Heureusement, outre le fait que lui rappait sur scène pendant que je téléconseillais ou vendais des fruits et légumes, j’ai trouvé de nombreux points de dissemblance.

Bien sûr, rassurée, j’ai pris plus de plaisir, voire trouvé une certaine fierté à me retrouver dans certains de ses propos, et mon discours s’est alors transformé :

“Hey mec, tu ne le sais pas encore mais tu vas être mon frère. Je te présente ton beauf, ta nièce. Tu vas la kiffer, et ta nouvelle sœur tu vas pouvoir écrire un deuxième bouquin sur elle !”

Quelques tournures de chapitres en commun 

En fait ça fait même carrément du bien de voir couchés sur la papier par quelqu’un qui est pile dans la même position que toi, les moments d’incompréhension sur la maladie elle-même et sur comment ton frère ou ta sœur peut en jouer, ou bien se limiter encore plus en se sachant malade. 

“Thibault voit tout et entend tout. Et je refuse qu’on ne voie plus en lui qu’un symptôme. Ça le dépossède de sa personne, ça le dépossède de son histoire.
Et les deux sont bien trop belles.”

Extrait de Ensemble, on aboie en silence de Gringe.

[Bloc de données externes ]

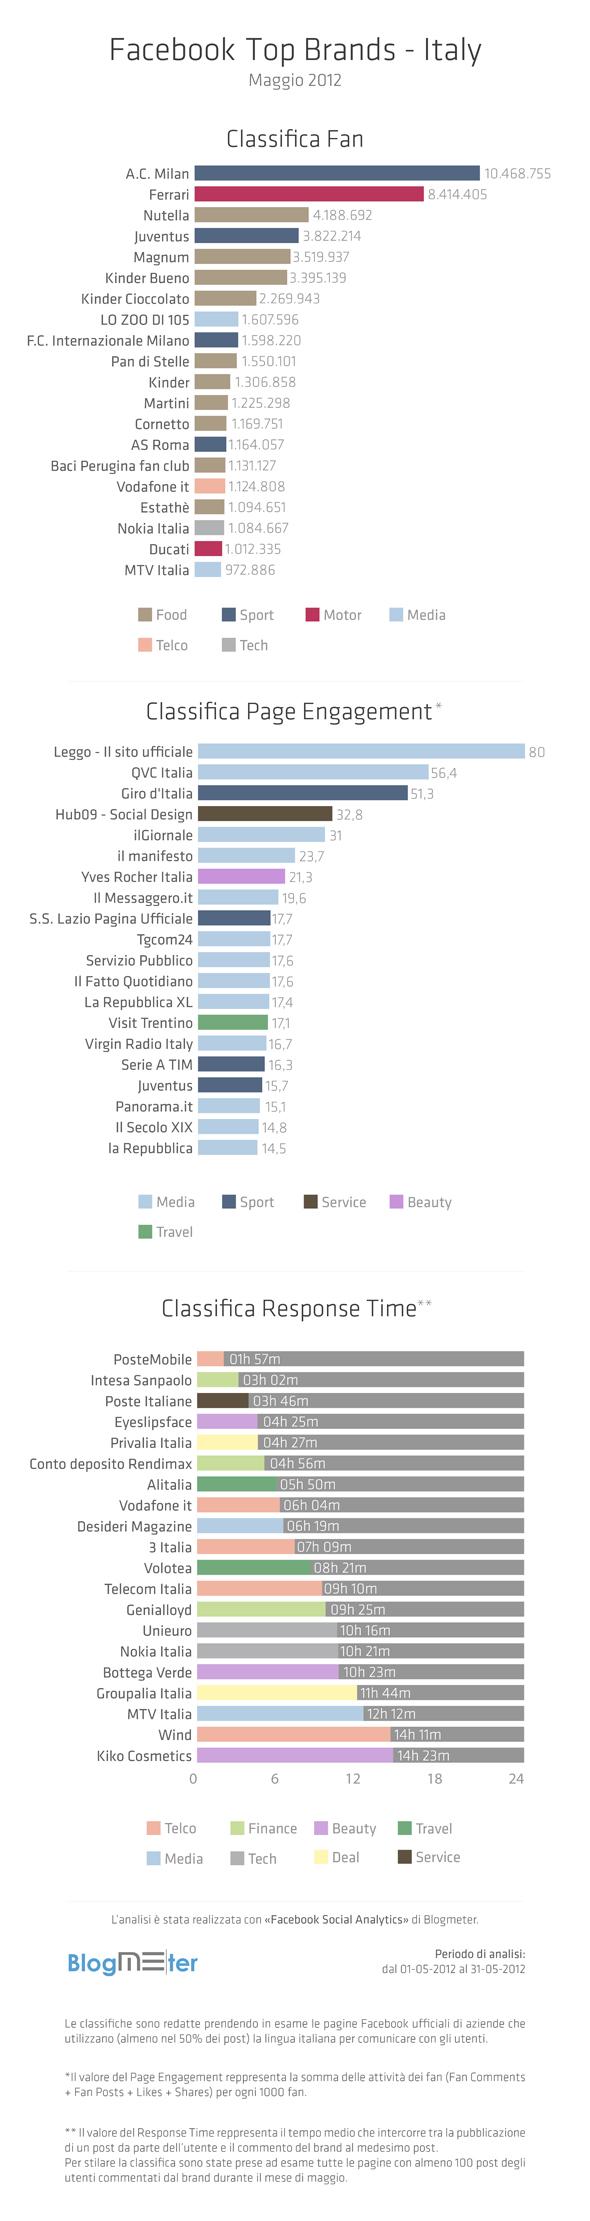 Le migliori aziende su Facebook - maggio 2012

Très tôt j’avais appris à tenir compte des voix et délires de ma mère, puis de ma sœur plutôt que d’essayer de les convaincre que c’était faux. Alors j’adore quand Gringe se demande s’il va pas négocier lui-même en direct avec les voix pour qu’elles acceptent d’écrire ce témoignage ! Tu sens qu’il a (plus que moi) réfléchi l’existence de la partie immergée de son frère. Malade ou pas, on s’en fout, de toute façon on n’a pas assez de vocabulaire pour appréhender l’univers de la personne avec qui on a grandi. 

J’aurais voulu écrire sonJe suis le grand frère que je ne souhaite à personne

Le truc qu’on retrouve dans les témoignages de proches de personnes malades, c’est cette fichue culpabilité. Et là je suis jalouse de ce début de chapitre d’Ensemble on aboie en silence

“- Le syndrome du survivant –

Une souffrance insidieuse, permanente, usante. De celle qui vous terrasse et ravage tout autour, vous fauche dans votre élan. De celle qui falsifie votre perception des choses, altère jusqu’à votre identité.”

Si un jour je rencontre Gringe, je lui demanderai, si sa pudeur m’y autorise, s’il a mis en place des stratagèmes pour éviter de faire culpabiliser son frère. Est-ce qu’il a essayé de lui cacher sa propre souffrance ? En lisant entre les lignes, je dirais que oui, mais j’ai peur de projeter sur lui mes propres constructions. 

“Si je mettais un point d’honneur à vouloir te protéger des dangers du monde, la vérité c’est que j’étais agité; Trop agité. […] Et, dans l’intimité de nos rapports, qui pouvait te protéger de moi ?” 

Non ça va je n’ai pas plagié. Je pense que pour définir le plagiat on doit tenir compte de l’intention de la personne. Et pour le moment, personne n’a déposé un brevet pour la schizophrénie ? C’est bon je peux continuer 🙂 

GRINGE, Ensemble on aboie en silence, Harper Collins, 16,5 balles.